#### [WHAT TO DO]
Extract the lines beginning at the one that holds "Ozark Trail Vacuum Insulated Stainless" and ending at the final line of the material below, keeping them exact and leaving out all pictures.

::: ENTRIES SHOWN

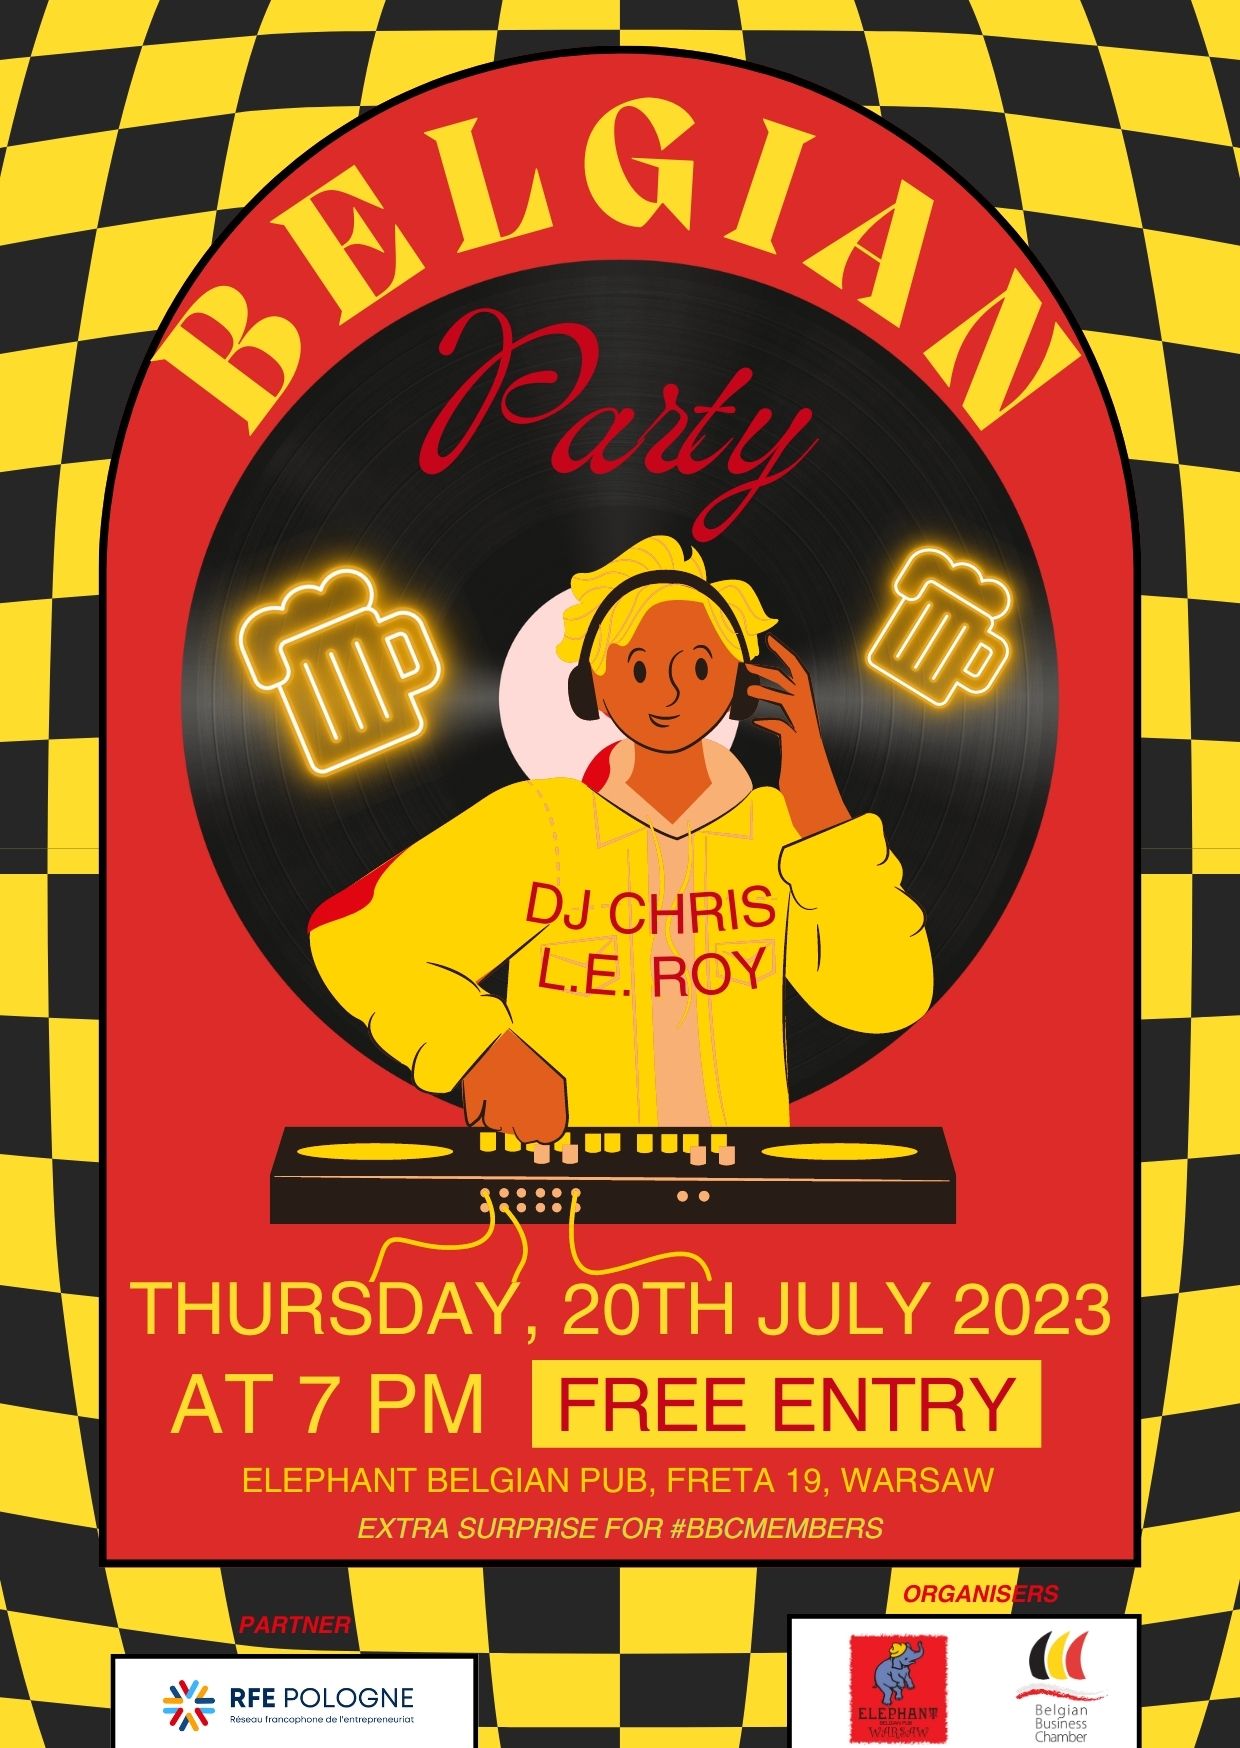 Join us for the Belgian Party on Thursday July 20th at Elephant Belgian Pub!
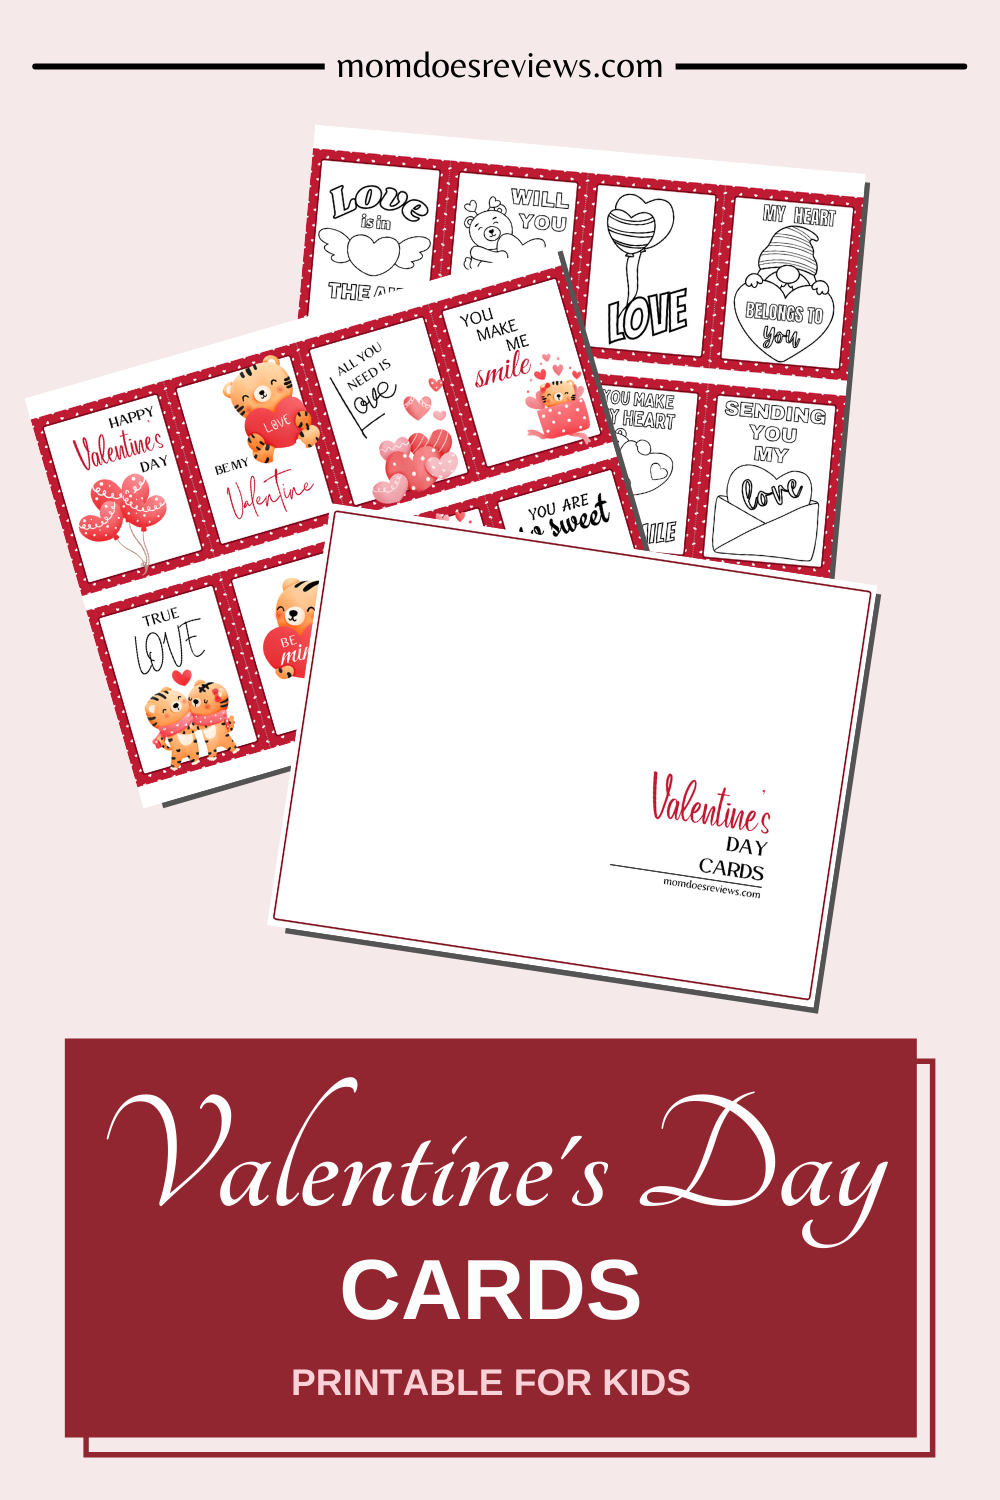 Printable & Customizable Valentine's Day Cards for Kids!
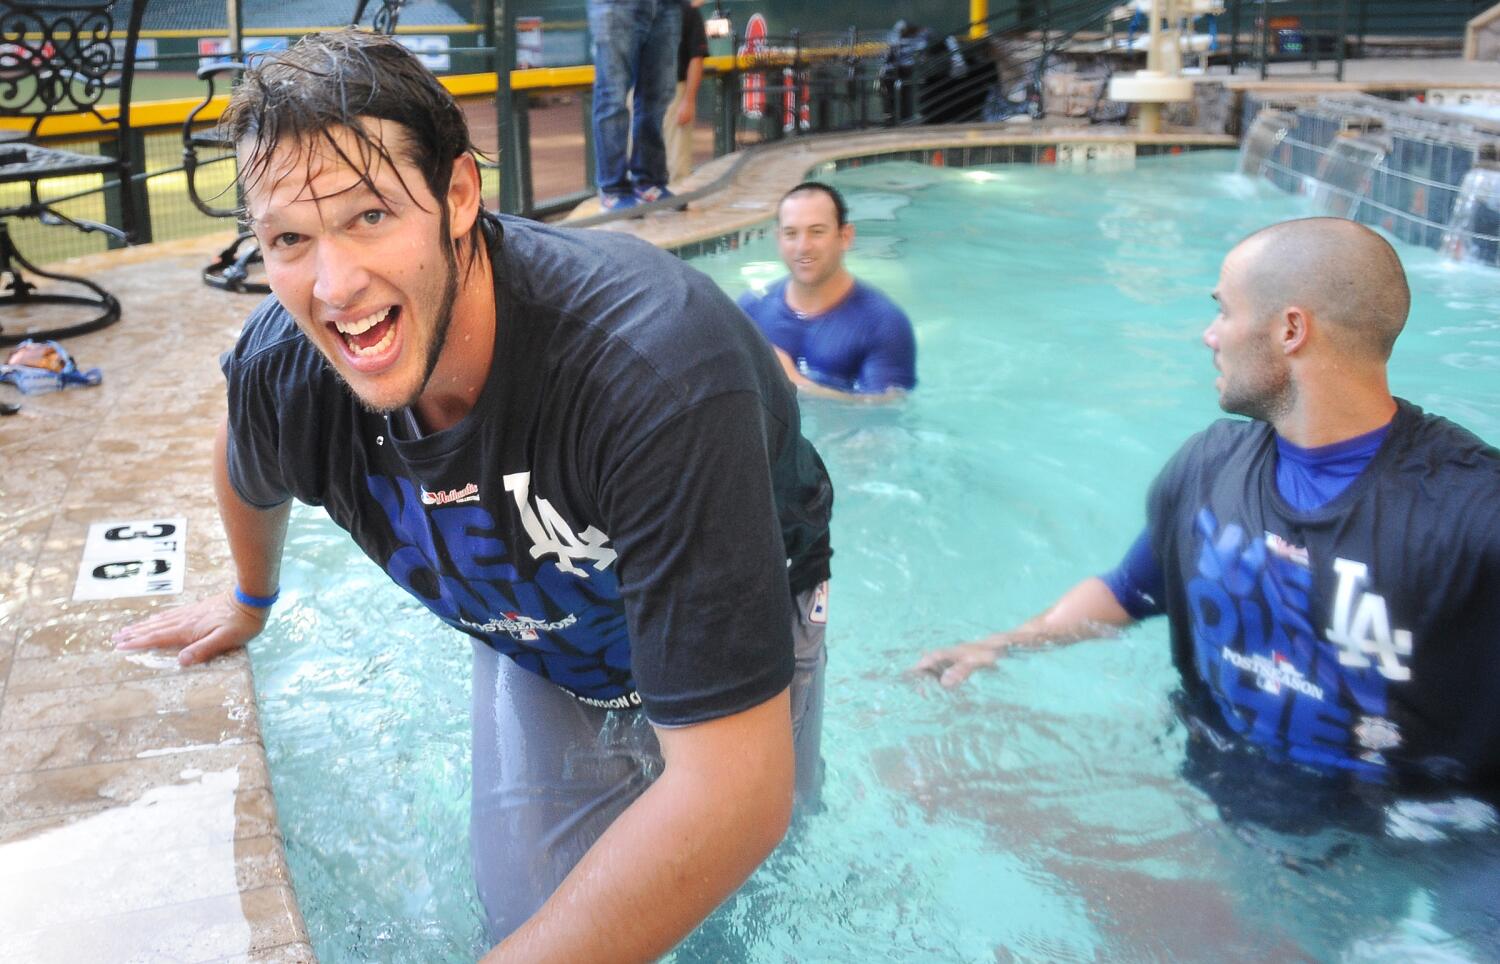 A Phillies pool party in Arizona? They plan to celebrate like Dodgers did 10 years ago
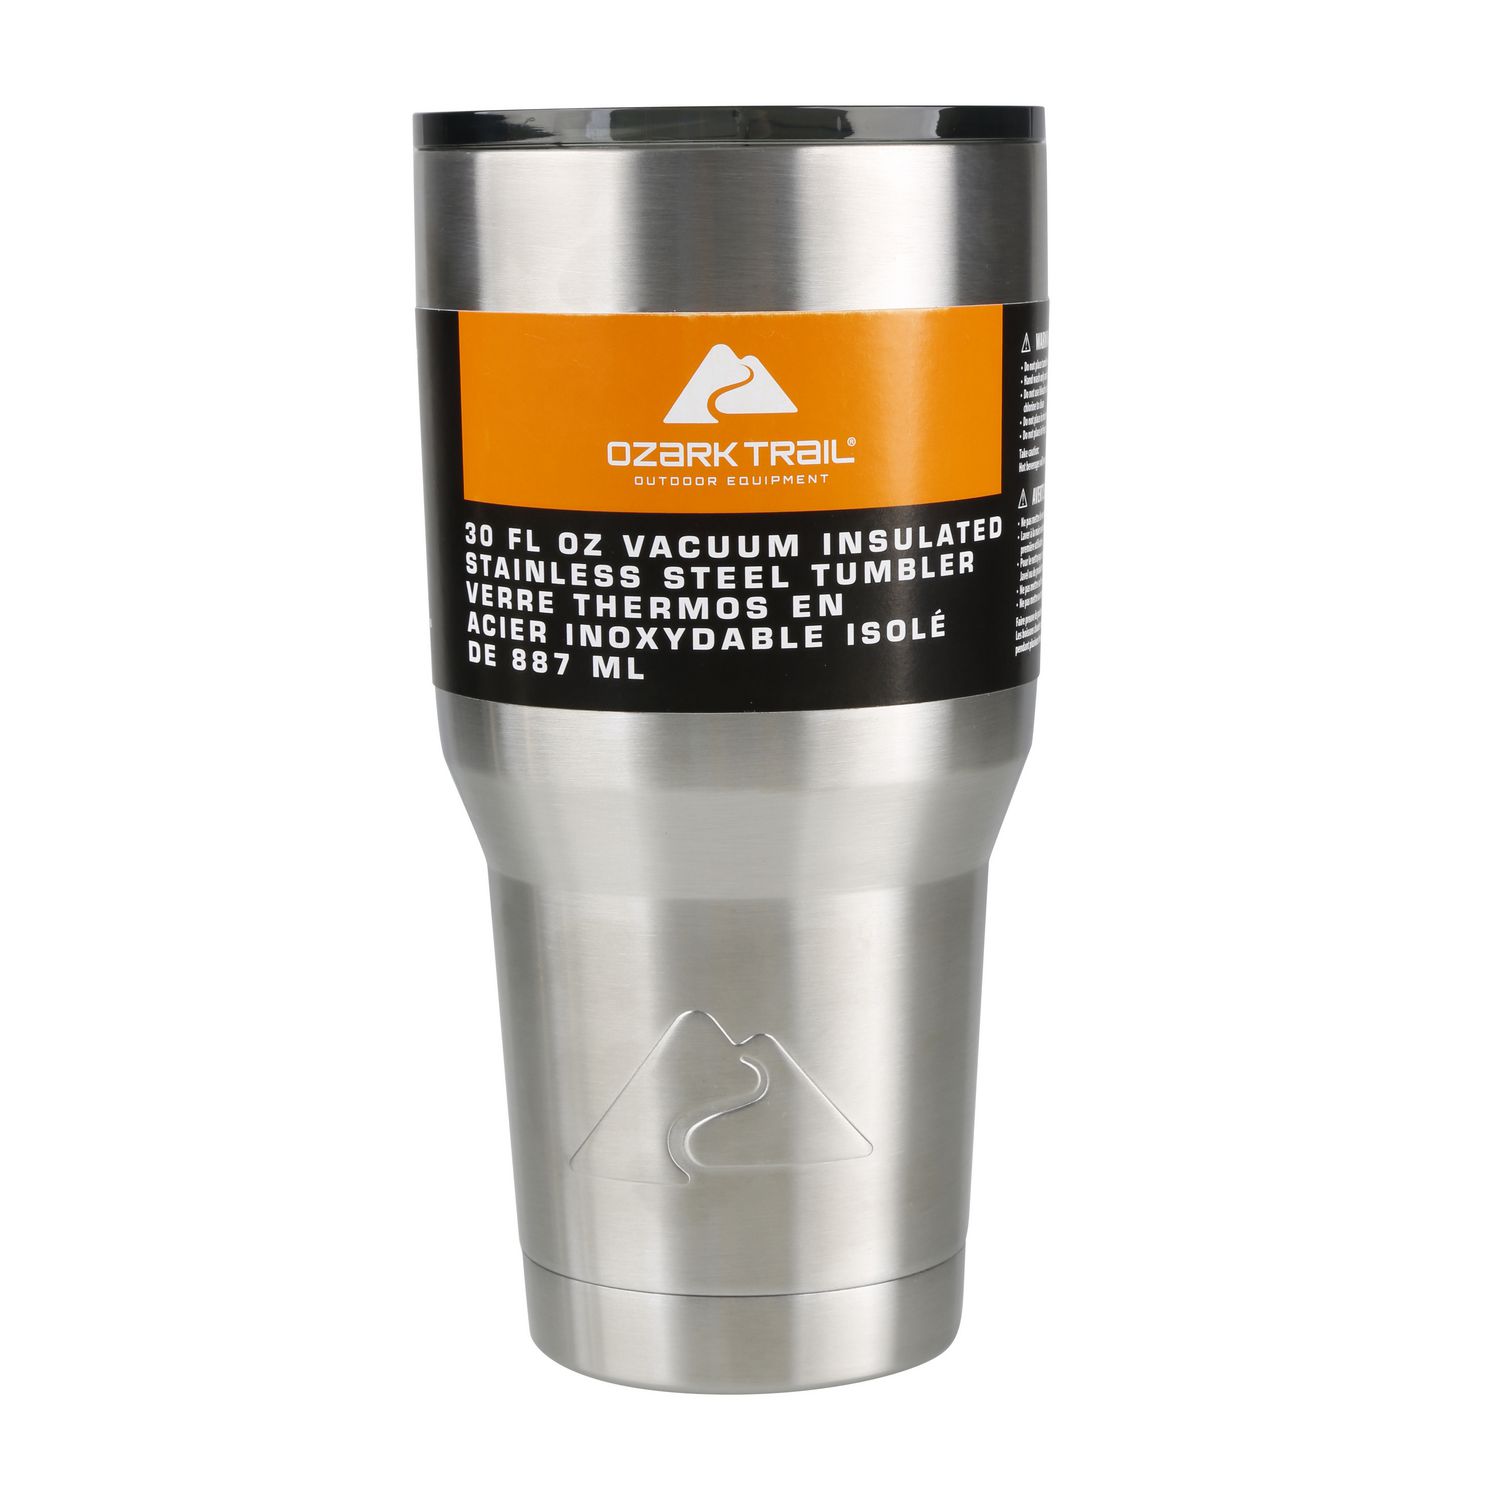 Ozark Trail Vacuum Insulated Stainless 
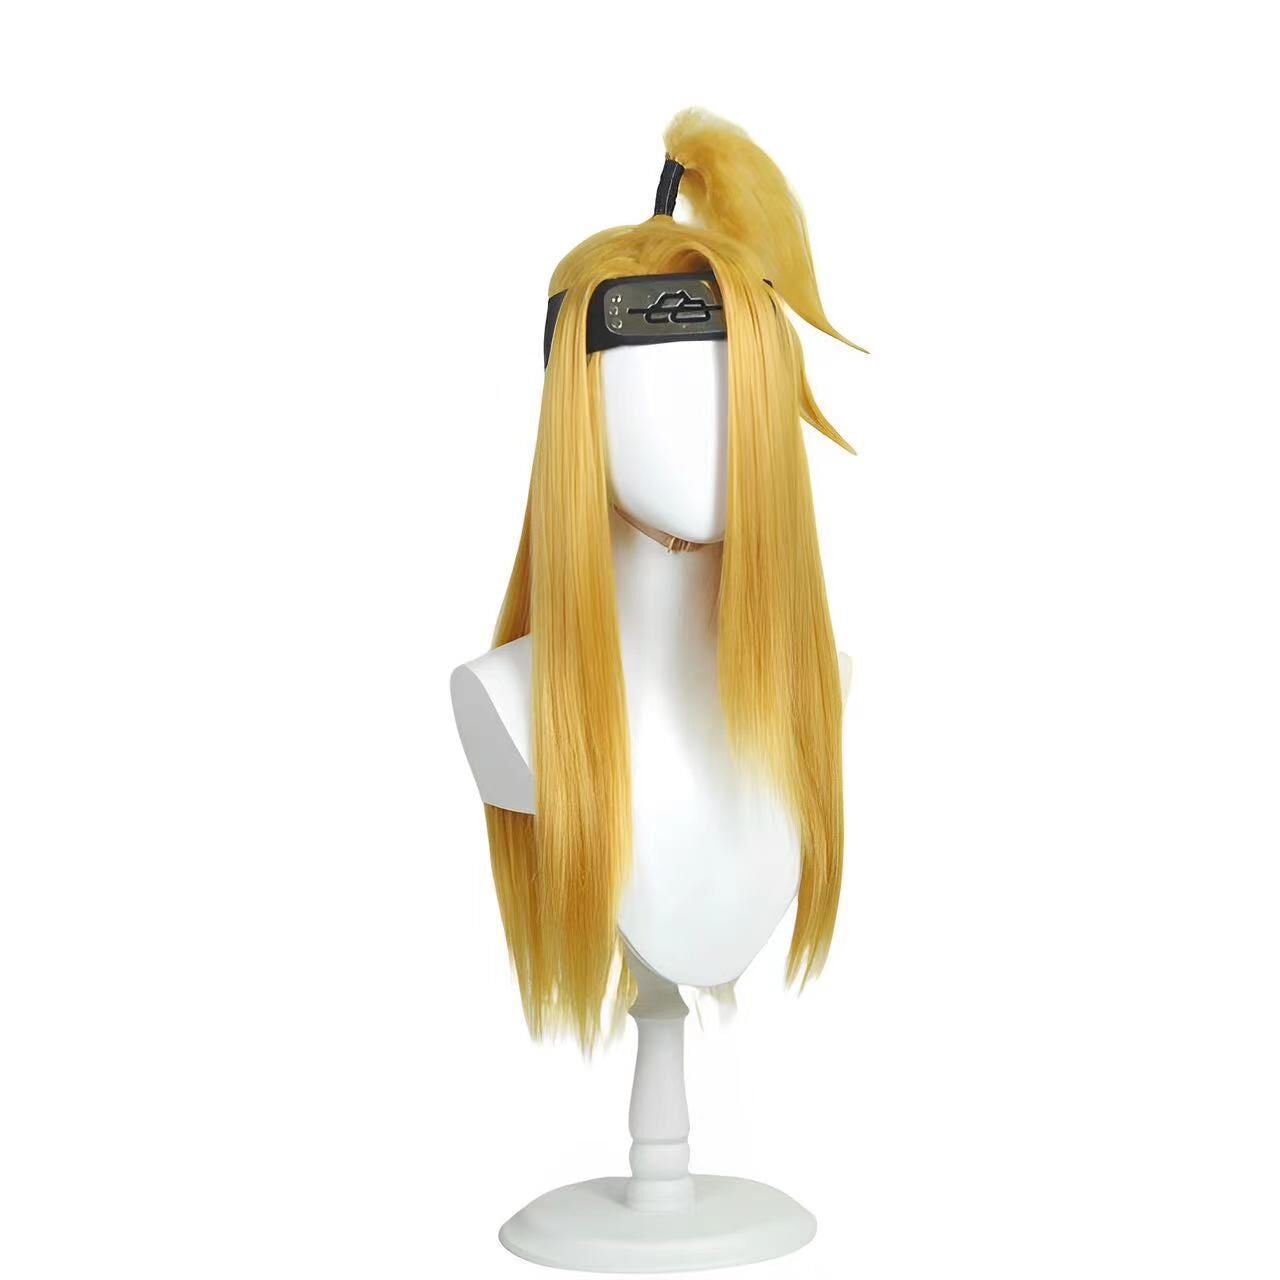 Get Explosively Stylish with the Deidara Cosplay Wig - Naruto Fans Rejoice!

::::::

#### [REPLY]
 Ozark Trail Vacuum Insulated Stainless 
 Get Explosively Stylish with the Deidara Cosplay Wig - Naruto Fans Rejoice!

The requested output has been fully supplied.